● **Task**
All lines from the opening of the material up to and including the line with "A demonstrator holds" should be transcribed exactly, pictures excepted.

● **Source data**
________________________________________
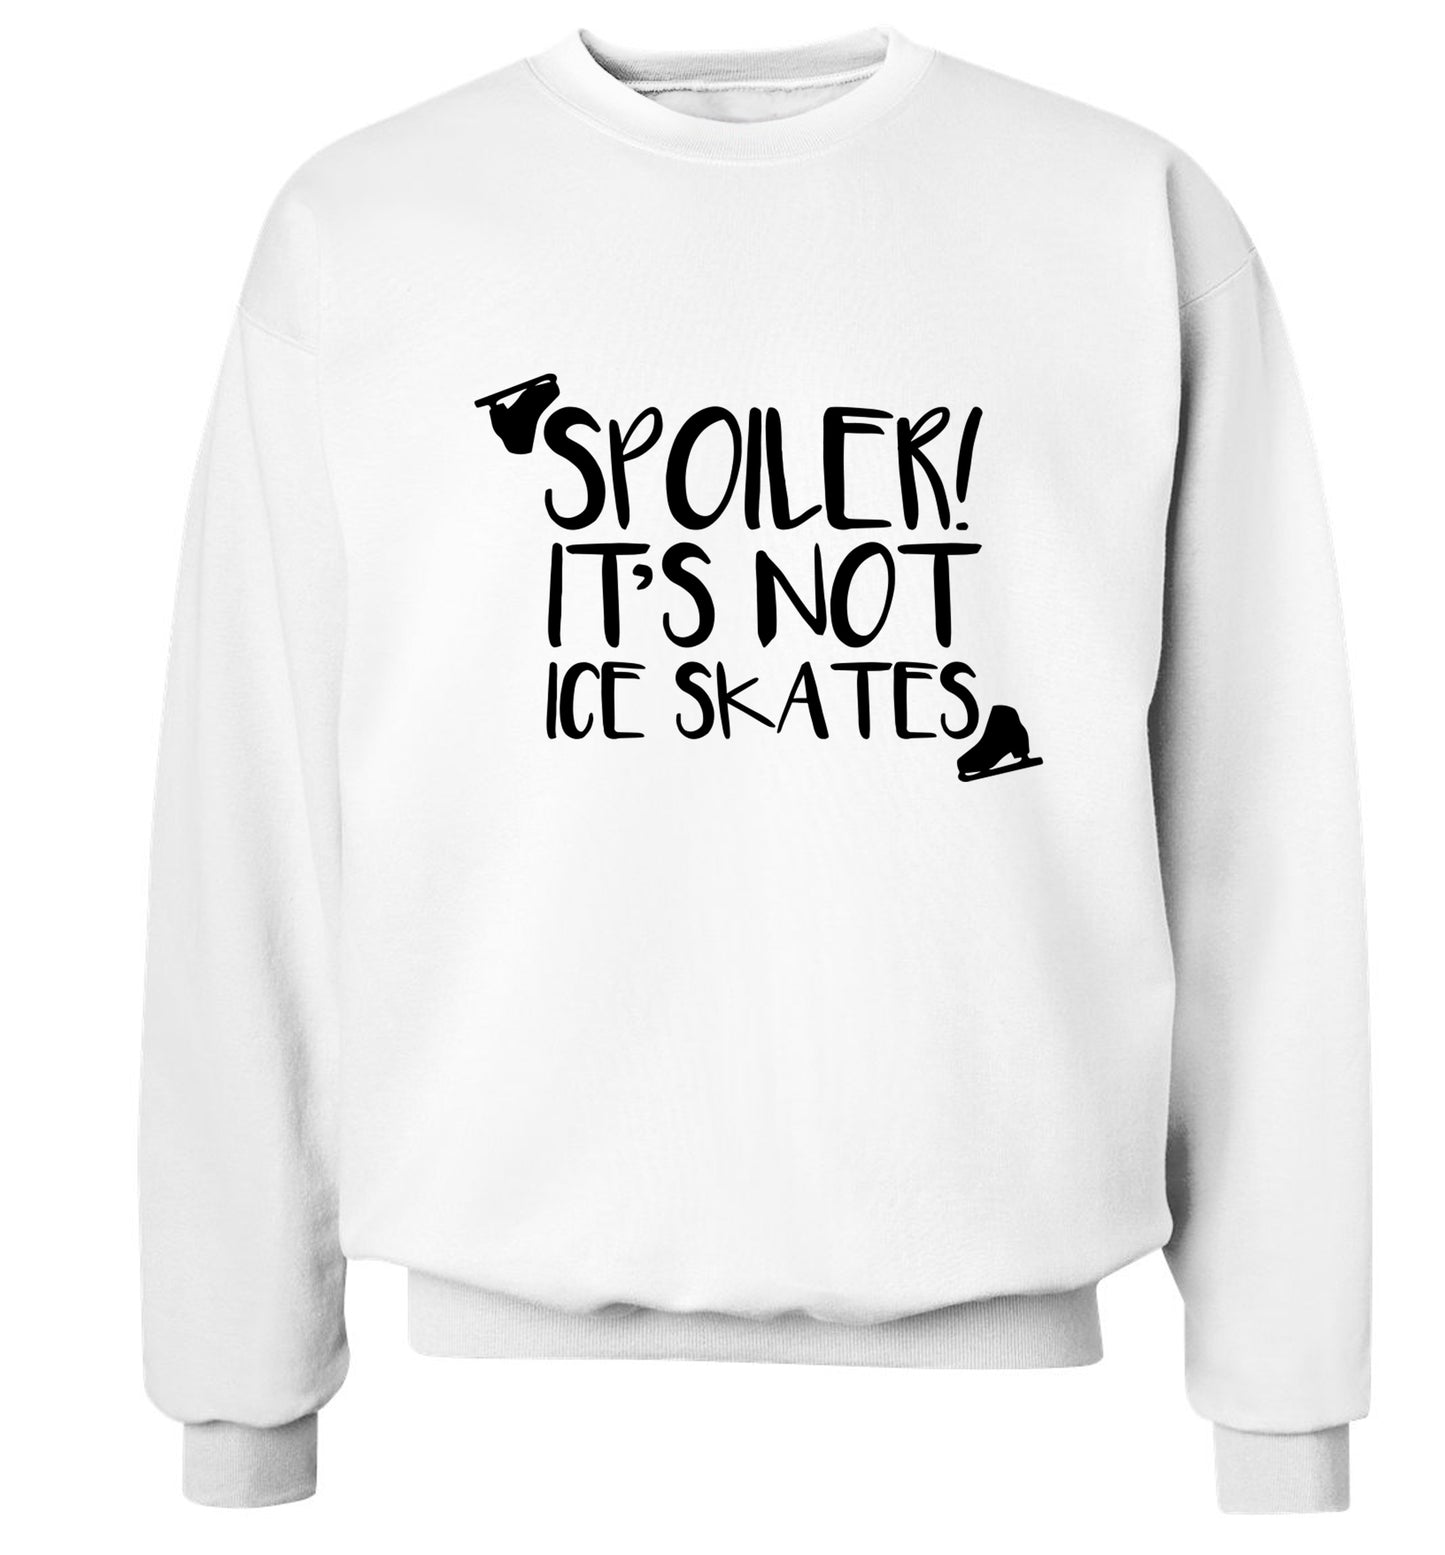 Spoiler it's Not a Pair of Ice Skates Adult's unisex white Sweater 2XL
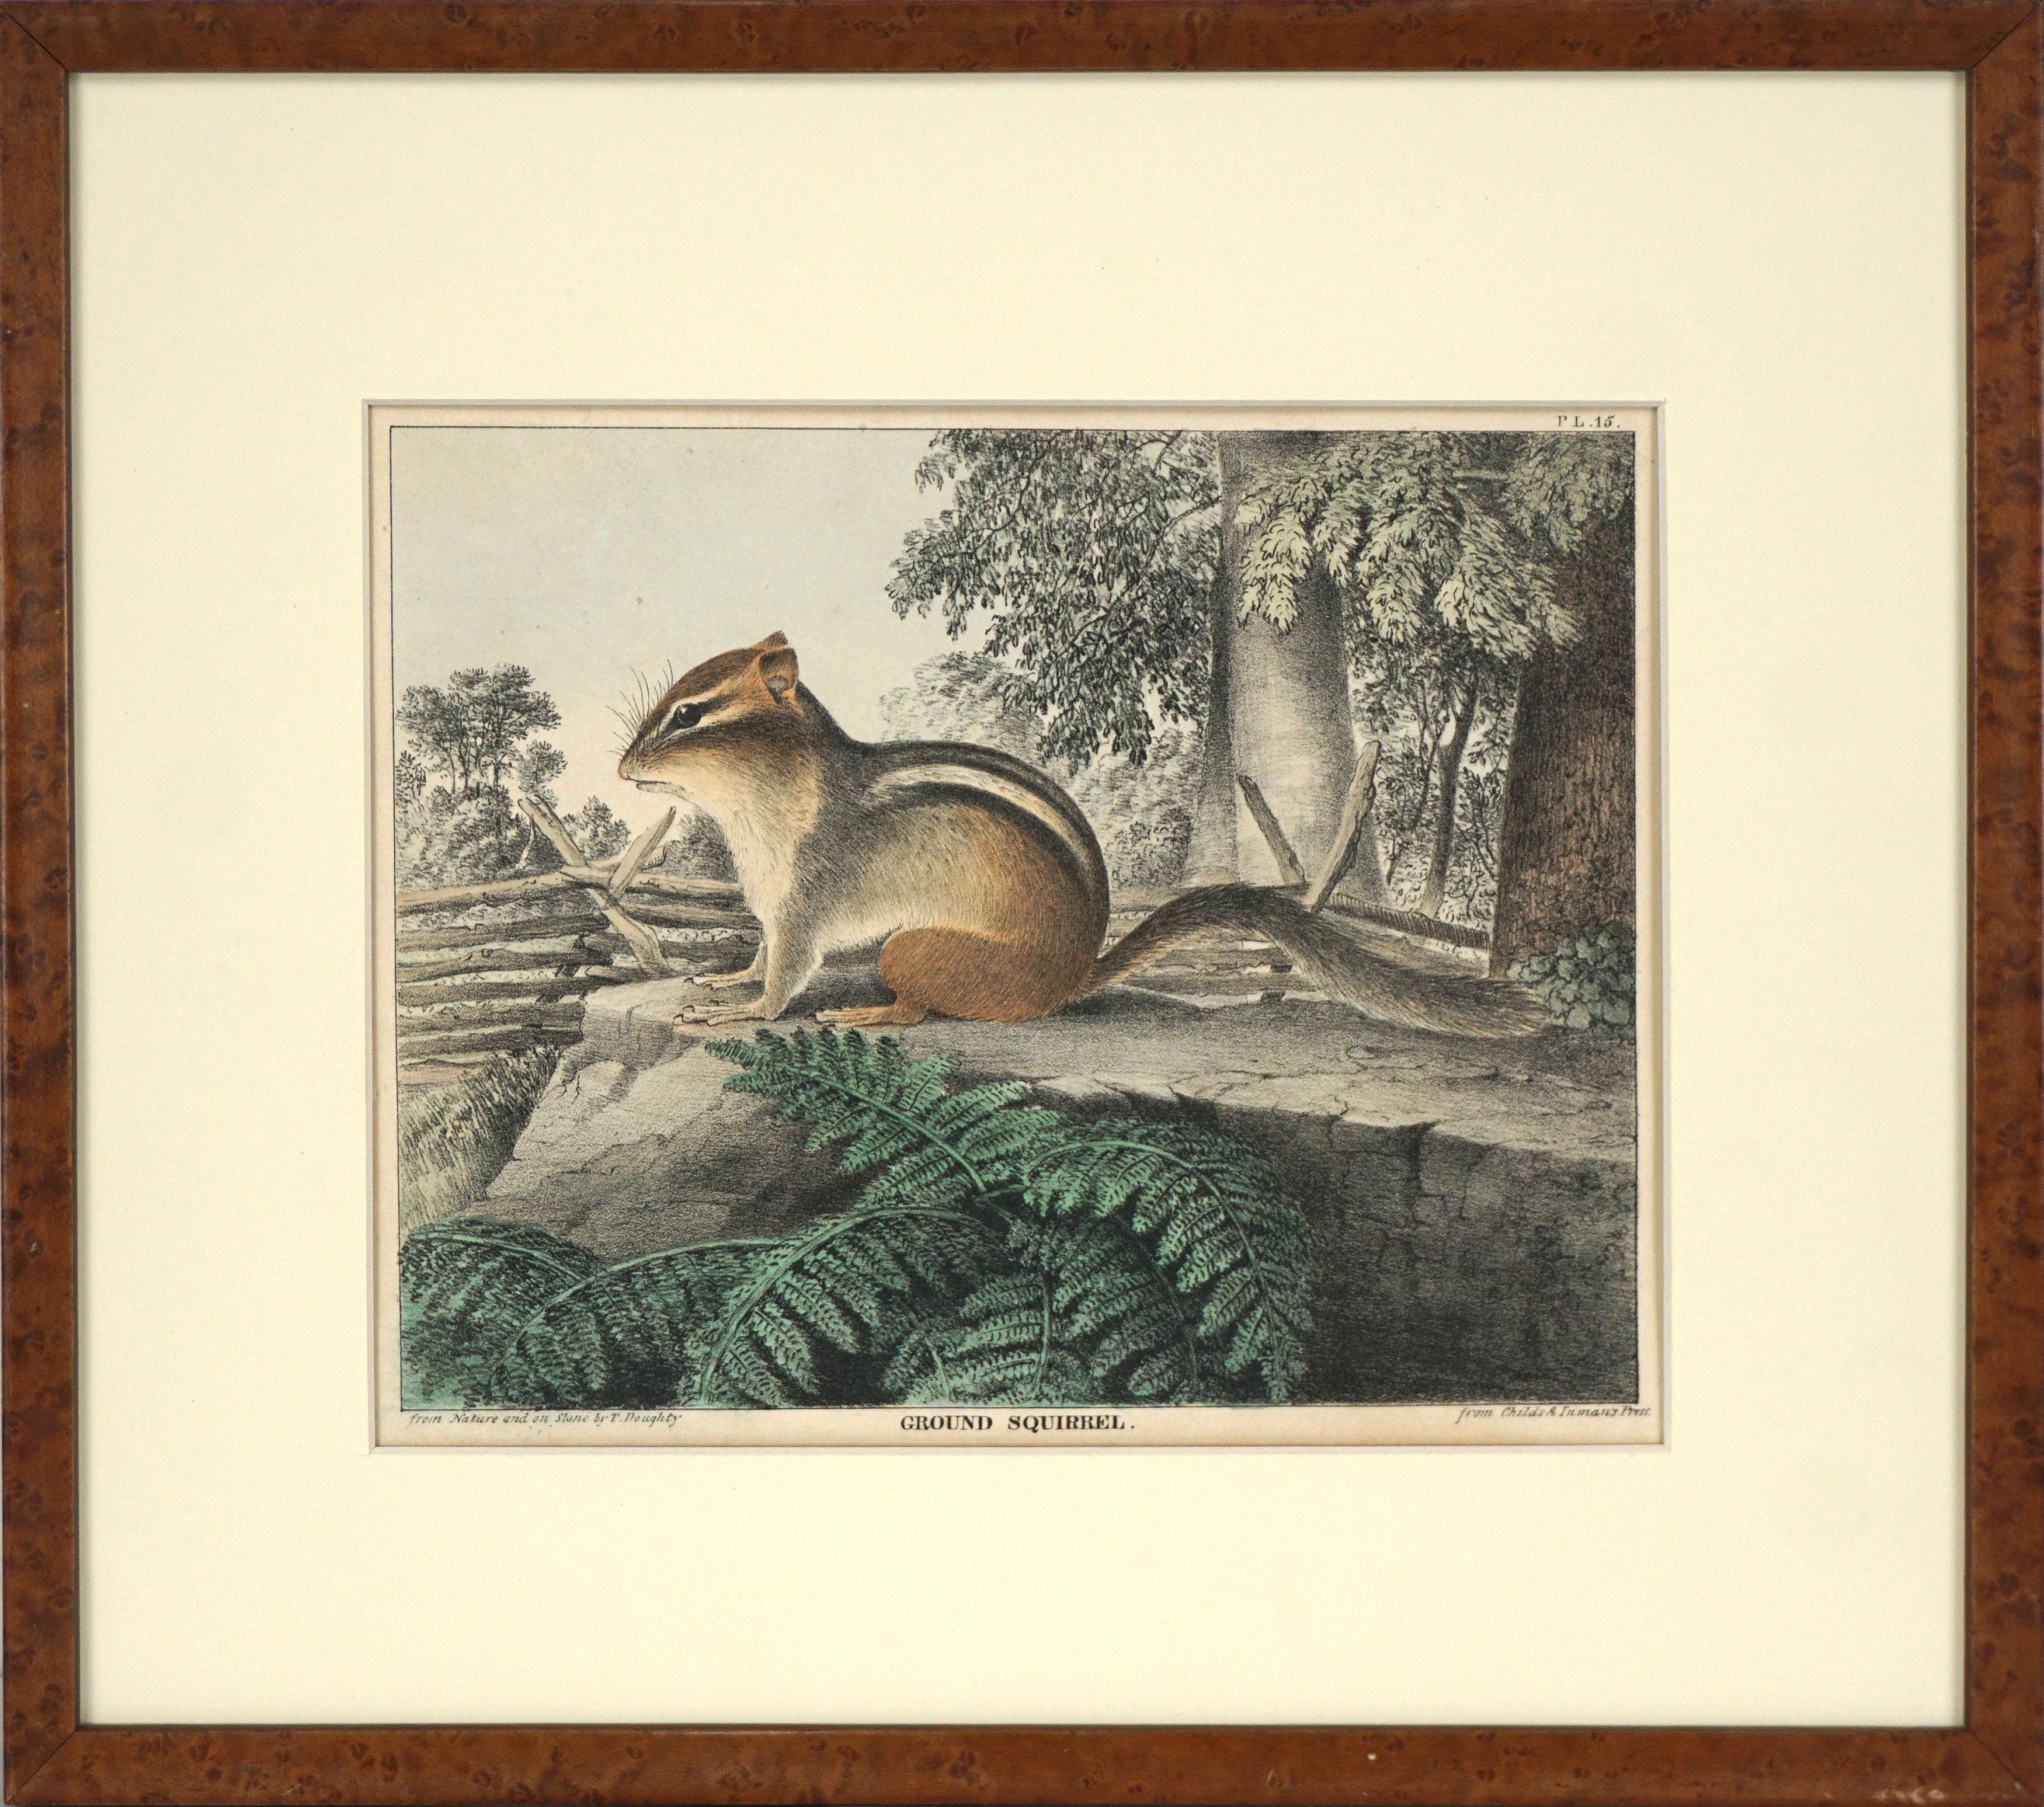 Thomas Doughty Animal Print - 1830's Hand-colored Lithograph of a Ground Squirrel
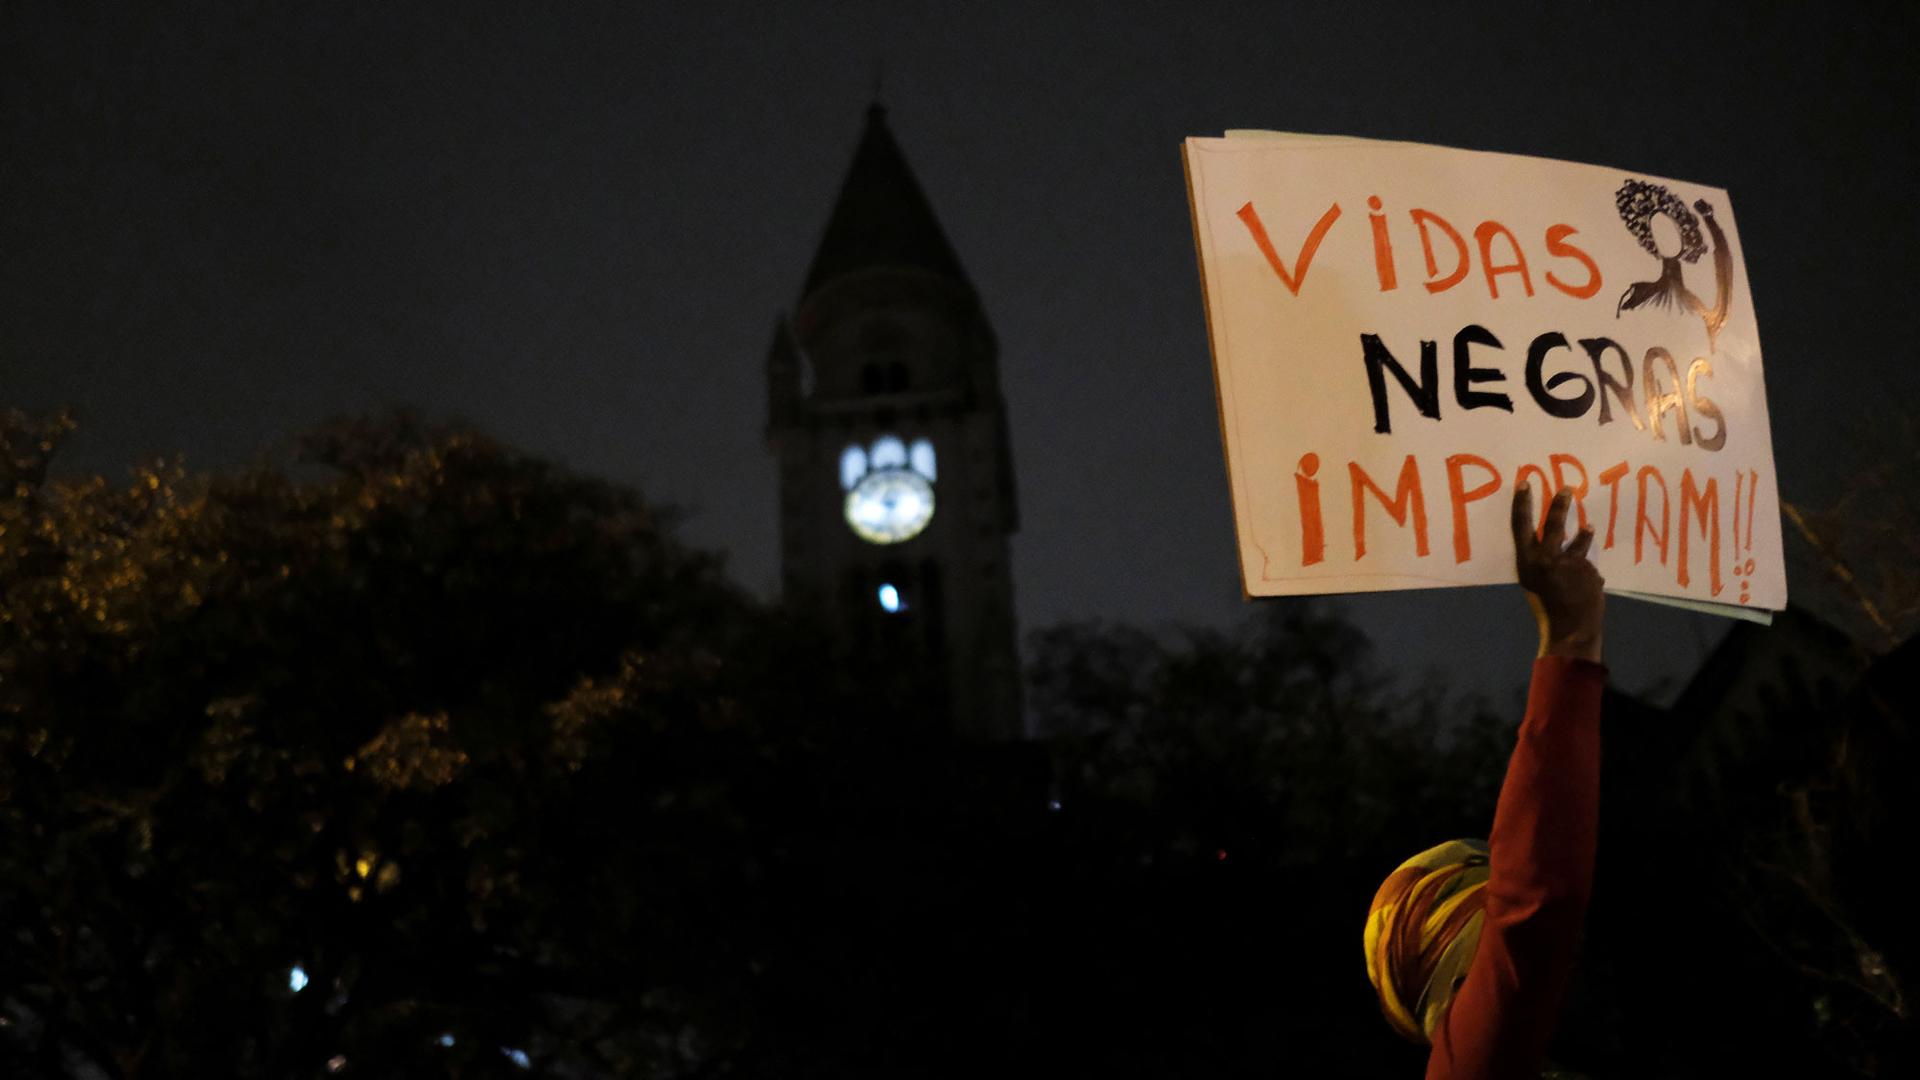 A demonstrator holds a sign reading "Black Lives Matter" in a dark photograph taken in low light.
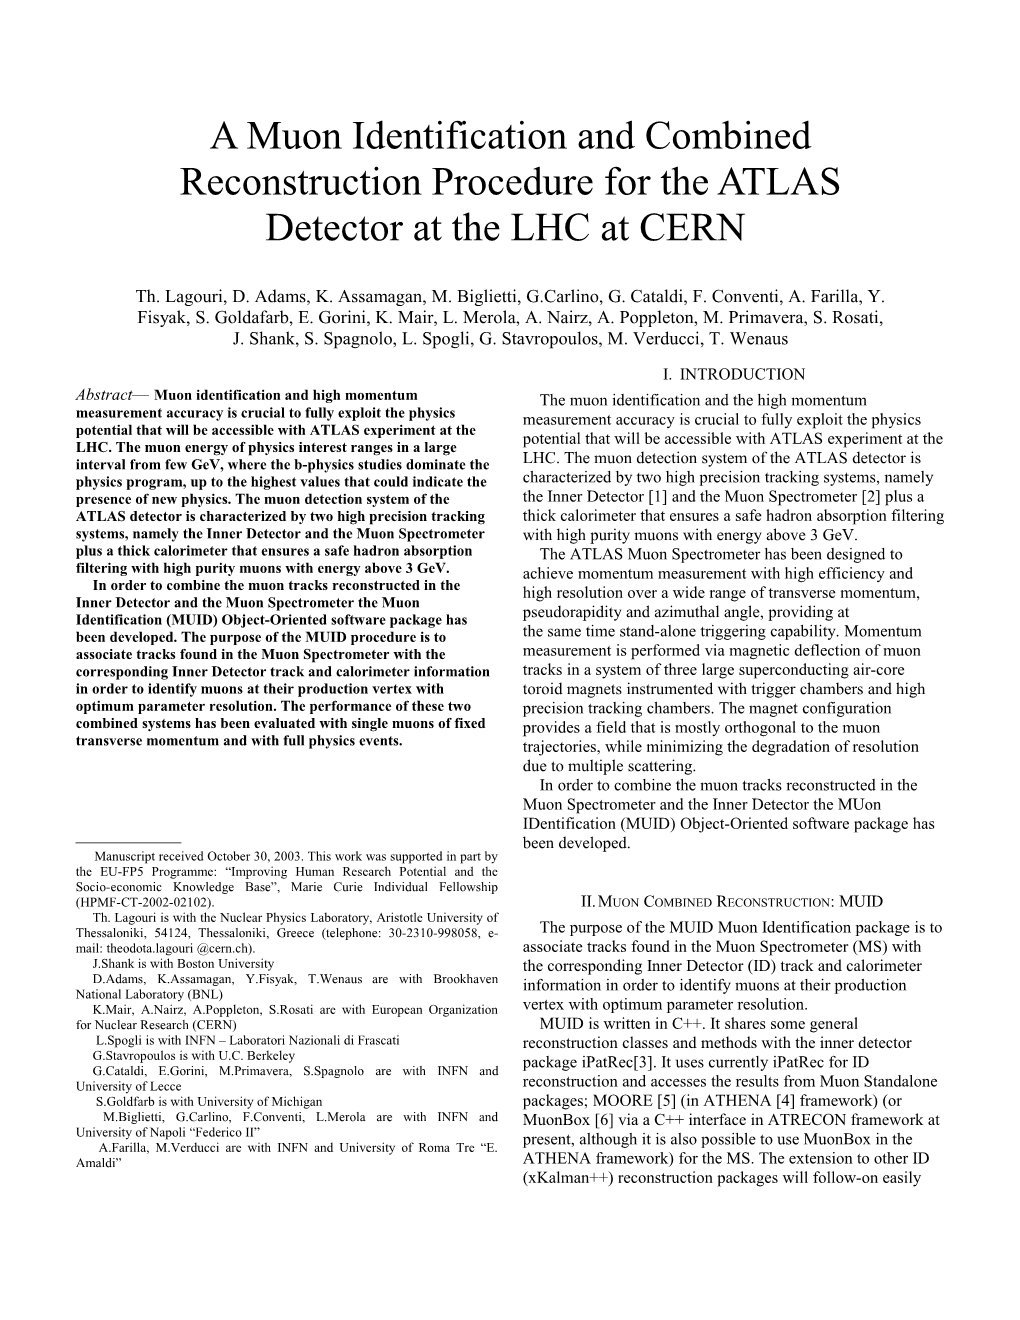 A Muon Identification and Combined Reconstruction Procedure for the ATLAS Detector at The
________________________________________
● **Exercise output**
 Spoiler it's Not a Pair of Ice Skates Adult's unisex white Sweater 2XL
 Thomas Doughty Animal Print - 1830's Hand-colored Lithograph of a Ground Squirrel
 A demonstrator holds a sign reading "Black Lives Matter" in a dark photograph taken in low light.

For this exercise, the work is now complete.